For the overall quality and health of your aquatic environment as well as healthy, thriving plants, nitrogen among others should not exceed certain levels in order to maintain an overall helthy aquatic environment. This will simplify maintaining your tank and avoid the need for painstaking steps and corrective measures required to counter these effects.
It is possible to have healthy growing plants with undetectable nitrate readings. Nevertheless a heavily planted tank with a low fish population (low fish population = insufficient nutrients provided by fish waste) and undetectable nitrates can lead to a nitrogen deficiency. Under these circumstances it is recommended to maintain nitrate levels around 5 ppm. Since Algone gradually adjusts the nitrate levels, maintaining specific levels can easily be achieved.

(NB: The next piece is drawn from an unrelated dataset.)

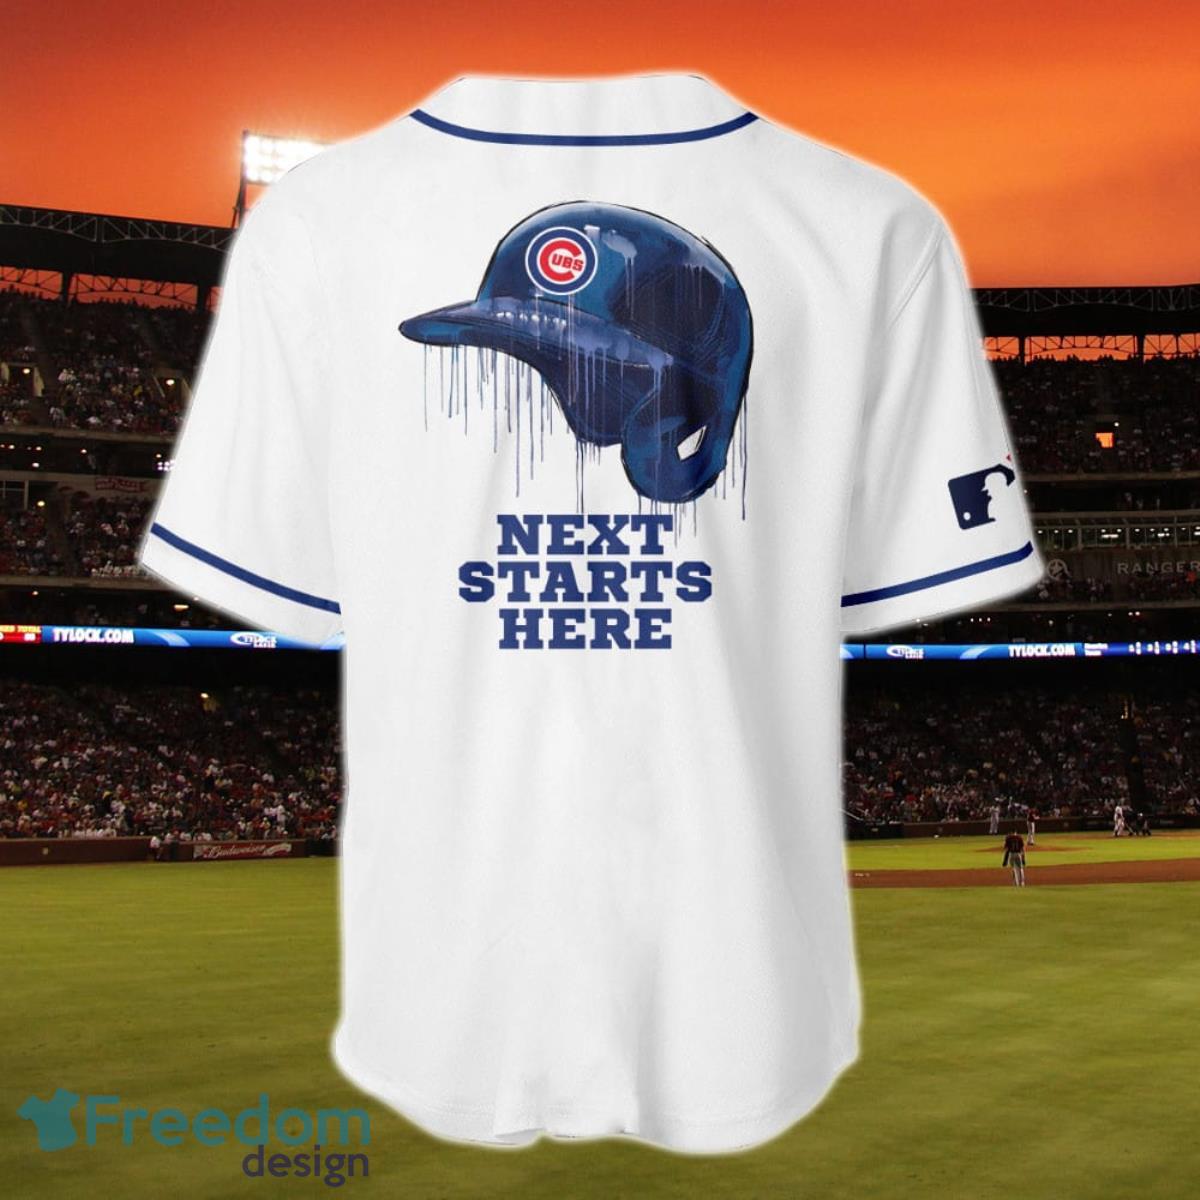 Chicago Cubs MLB Baseball Jersey Shirt Custom Name And Number For Fans

Some critics reading along may be thinking, “…well, it’s interesting, but I have free floating plants, that can’t rely on the substrate…”.
Going back to biology, nature in its complexity once again provides a solution. In short: aquatic plants are classified into 3 categories. Algae being the lowest followed by non-bloomers and bloomers. The higher plant will out-compete the lower.
As they also have a storing capacity for nutrients, it is sufficient to provide them with enough nutrients through the water column, without disturbing the aquariums’ balance.
Always remember that undetectable nitrate levels do not mean your plants are deprived of nitrates, the production of nitrates is continuous. No detectable nitrate means they are not excessive. Nitrate production however is constant in your tank.